Infamous Scribblers: The Founding Fathers and the Rowdy Beginnings of American Journalism is a book by Eric Burns, a journalist and historian, about the American press in the country's early history. The first edition of Infamous Scribblers was published in 2006. Another edition was printed in 2007.

Background

When Infamous Scribblers was written and published, Eric Burns was a media critic and host of Fox News Watch on Fox News, having previously worked for NBC.

George Washington used the phrase "infamous scribblers" to describe the journalists of his day.

Overview

The book describes the history of early American newspapers in the colonial period, the American Revolution, and the early Republic. Burns credits journalism for shaping the early country's ideals and politics. He argues that partisan reporting and sensationalism are very old practices in the American media: they originated in and were at their worst in the era he explores. Most of the book is about the history of the journalists themselves, narrated in a lively style, within which historical analysis is woven.

Reception

The Claremont Review of Books called the book both entertaining and thoughtful. Reviewer Richard Brookhiser appreciated Burns's background as a journalist for helping him recognize and record important facts.

According to Roger Mellen writing for H-Net, Infamous Scribblers is a usable source that "does not quite meet the standards of a scholarly study". He noted the author's occasional unfamiliarity with the subject, which leads to factual errors, and problems with the book's sources. He also wrote that Burns, when he describes the early American news media as blatantly biased, fails to recognize nuances pointed out by other historians. Nevertheless, he praised the book's writing style, proclaiming Infamous Scribblers an "interesting and useful" book and a "pleasurable introduction" to the topic of early American journalism.

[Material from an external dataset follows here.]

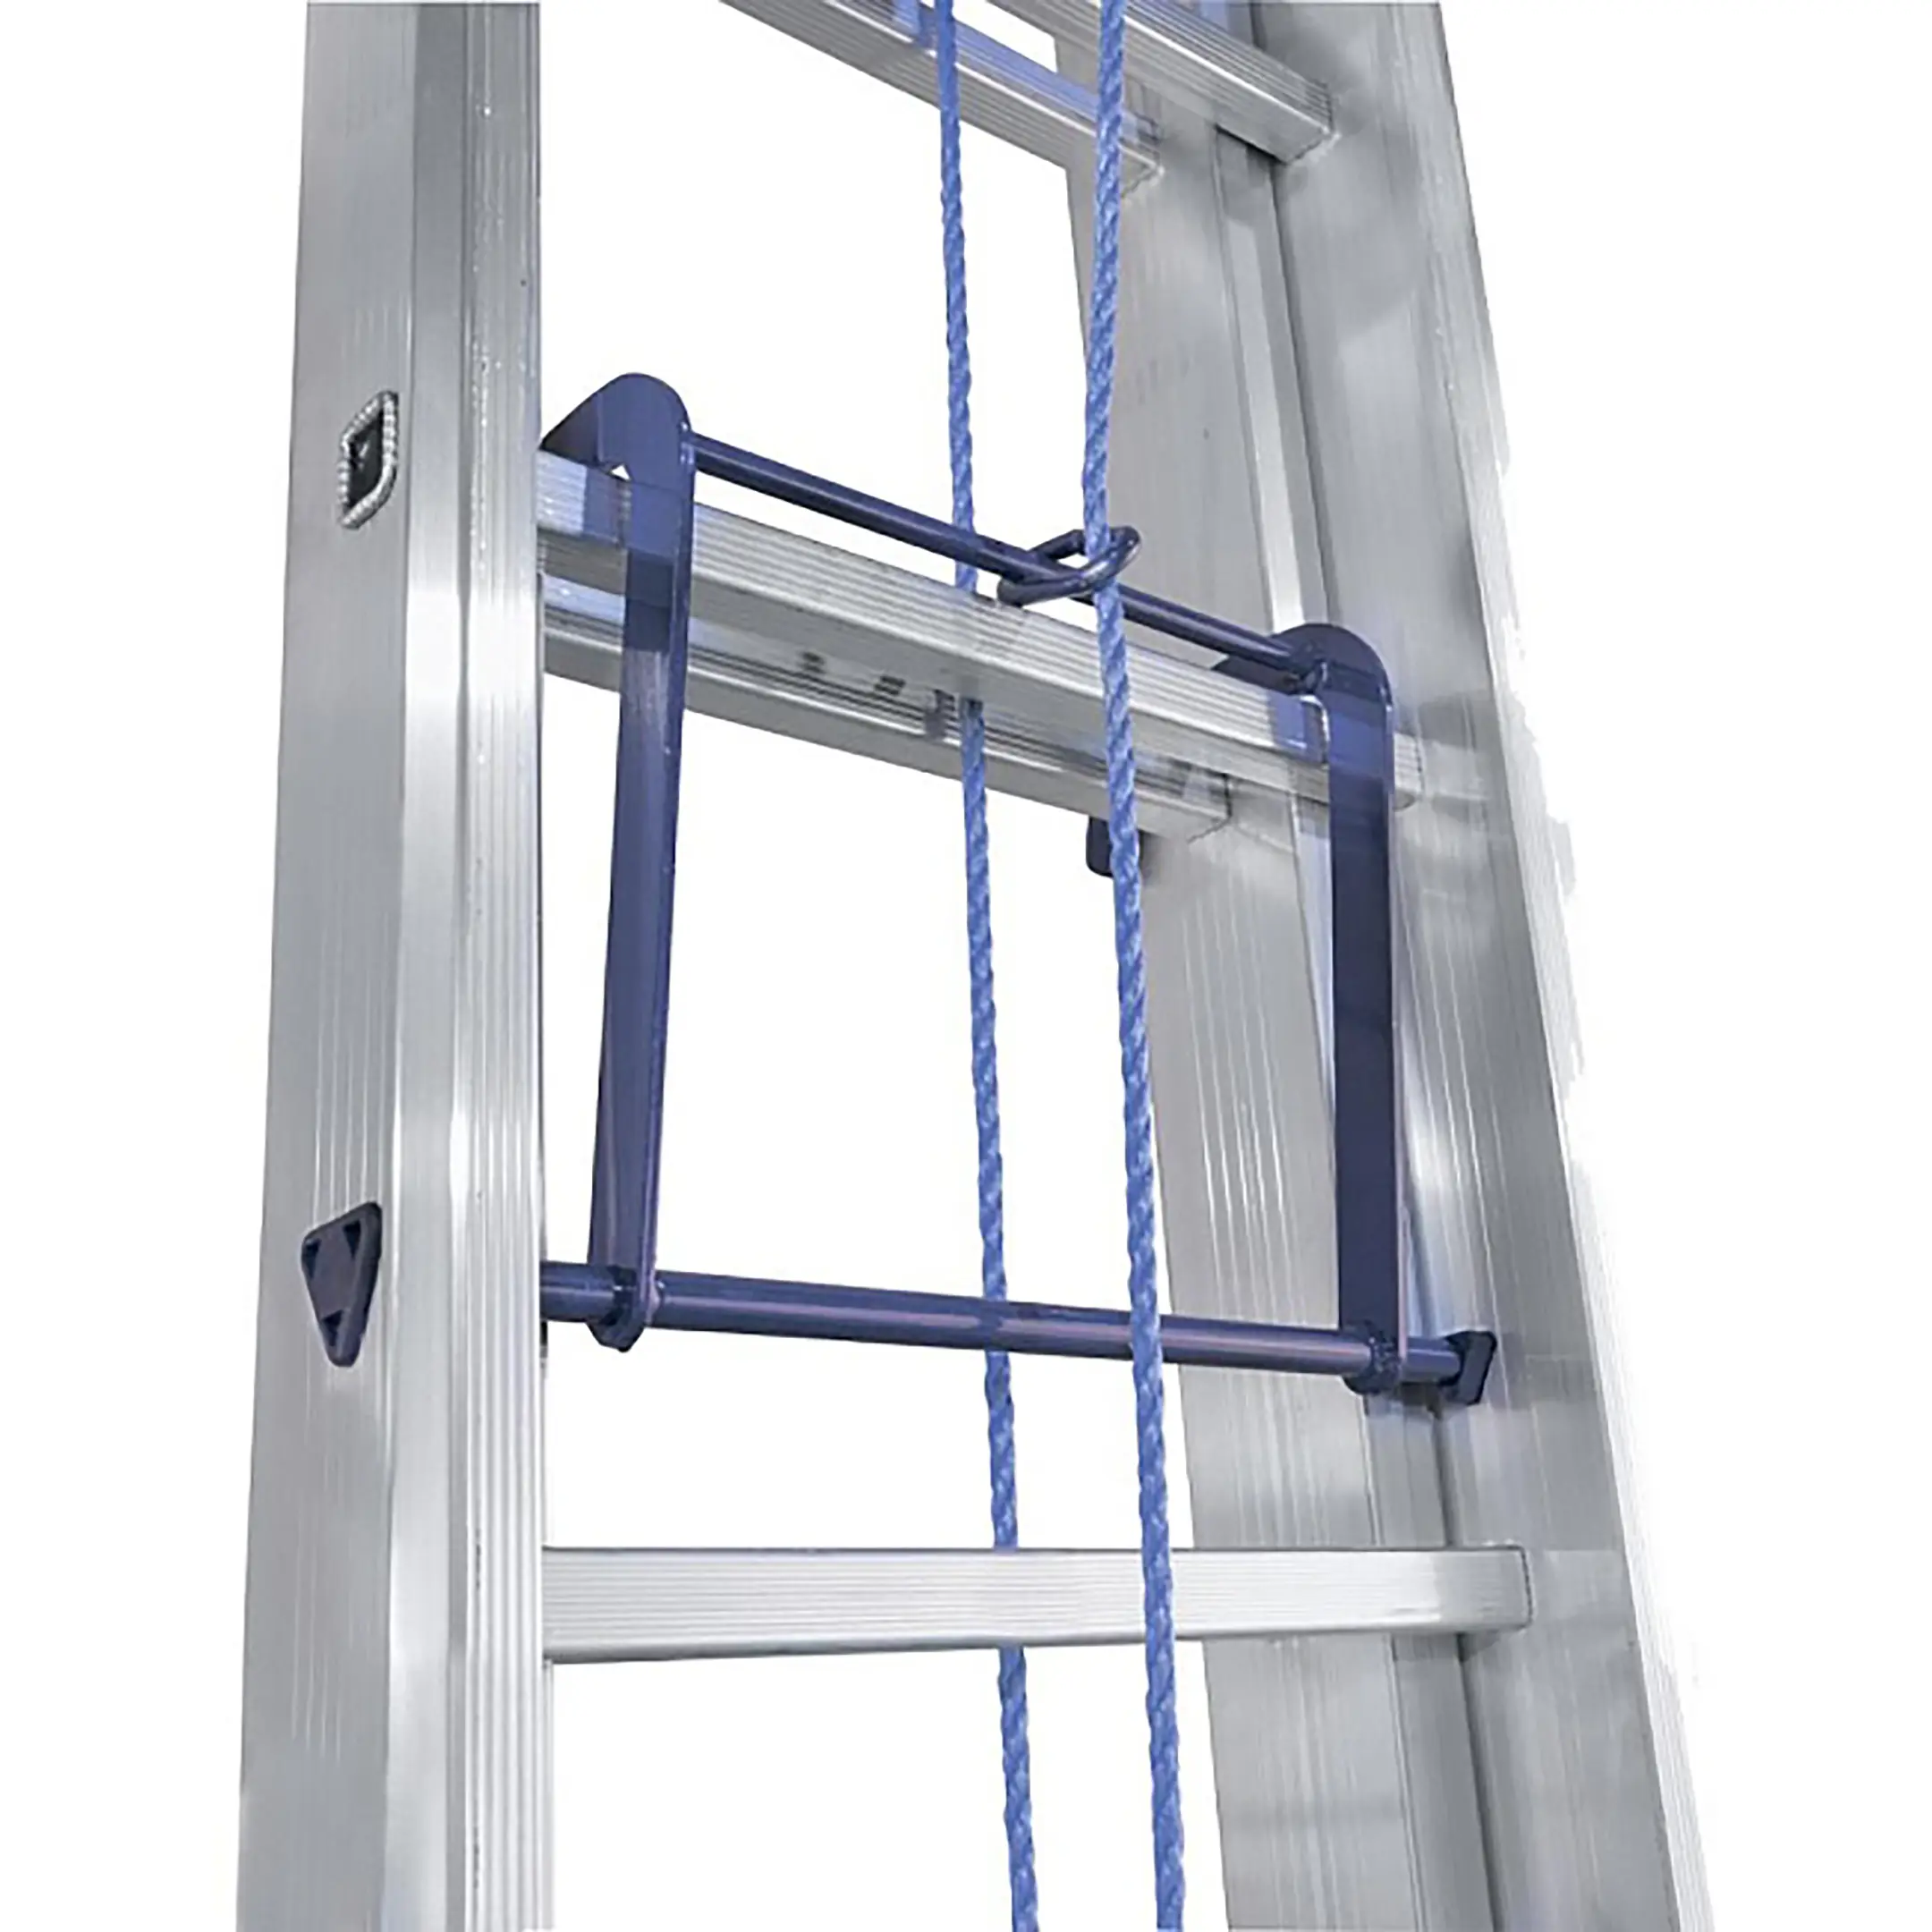 Лестница трехсекционная алюминиевая выдвижная с тросом Alumet 3х20 арт. 3320

Publishers Weekly considered the book entertaining, mentioning the author's enthusiasm and the mixture of familiar and little-known stories, but also commented that Burns's assertions feel exaggerated at times.

The Boston Globe remarked that Burns is a "capable student", but repetitive anecdotes are "short on deep analysis".

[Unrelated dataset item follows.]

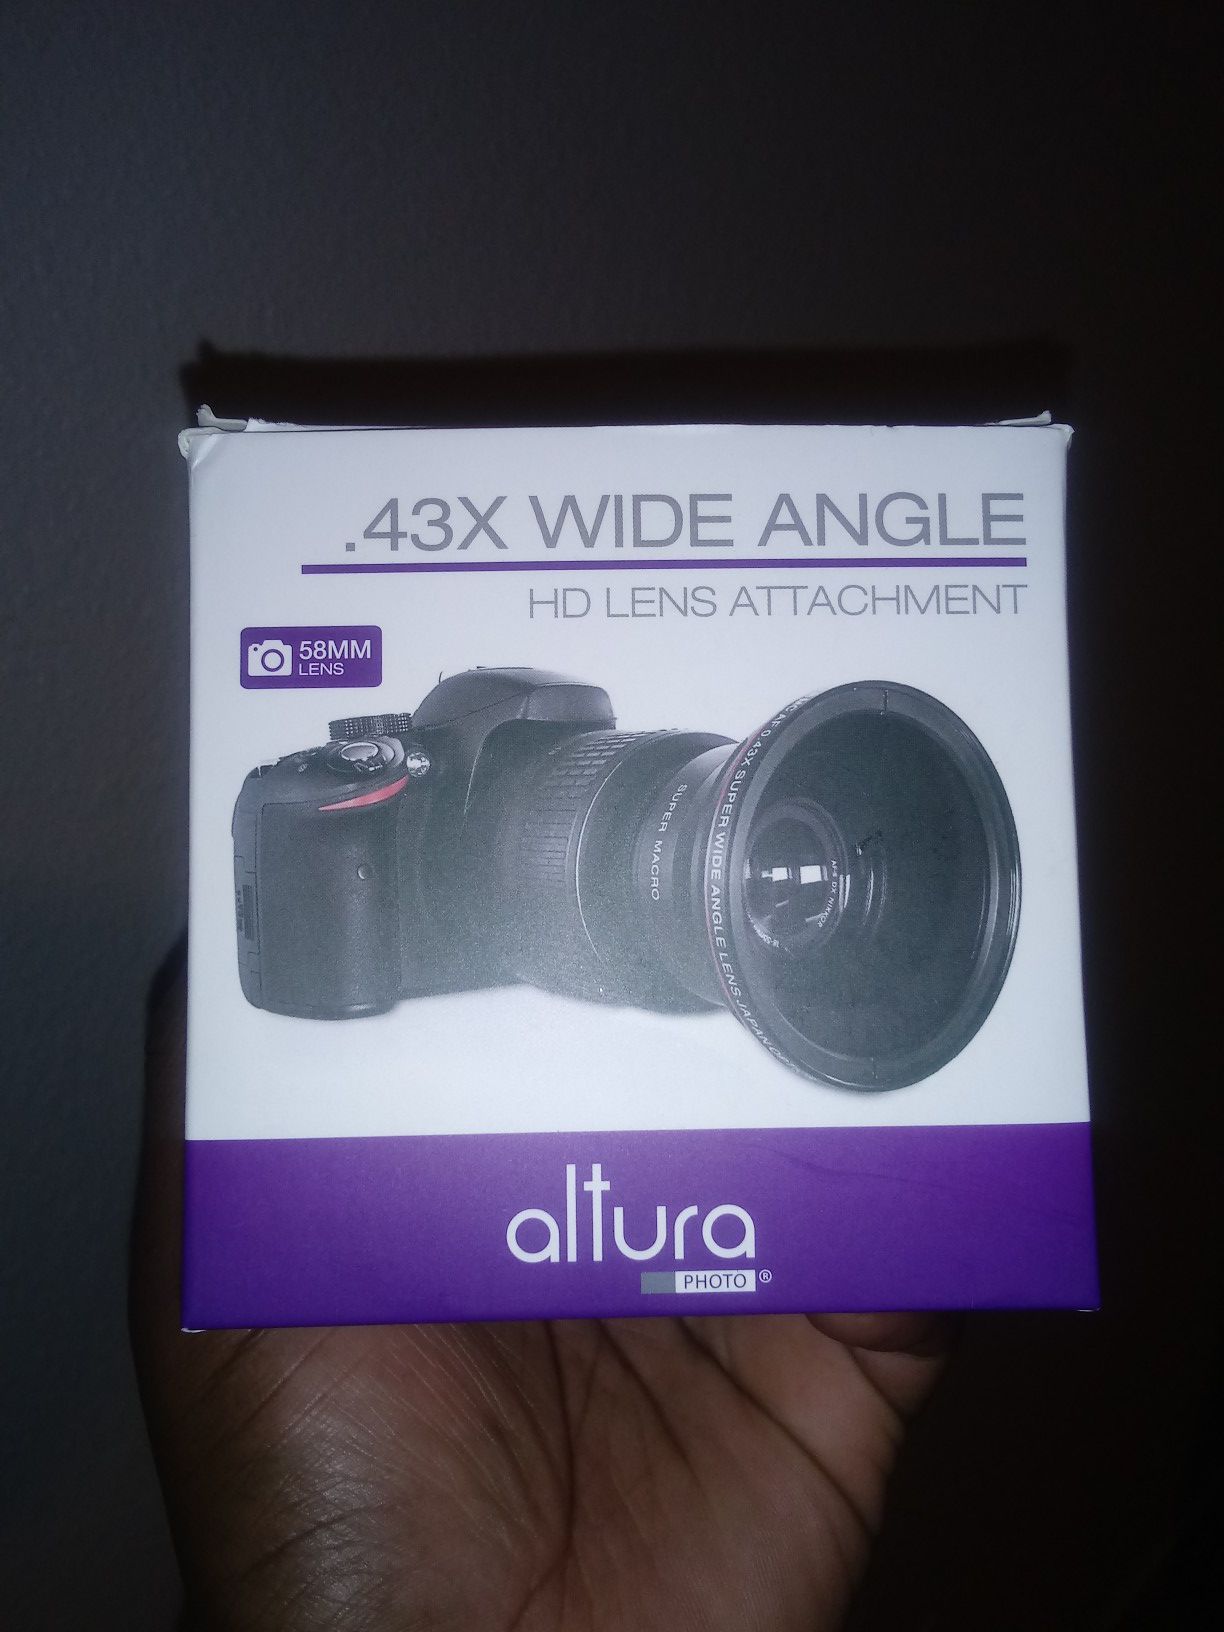 Wide angle lens

Infamous Scribblers is "a quick, illuminating history", according to Kirkus Reviews, that suffers from a sometimes lacking style and problems in its use of quotes—ultimately "[i]mportant, informative, amusing, surprising and even cautionary", but it is "a pity it's not more gracefully told."

See also
 History of American journalism
 History of American newspapers
 Eric Burns

References

External links
 Television segment on The Daily Show (7 minutes)
 Radio segment on NPR (20 minutes)
 Television segment on C-SPAN (50 minutes)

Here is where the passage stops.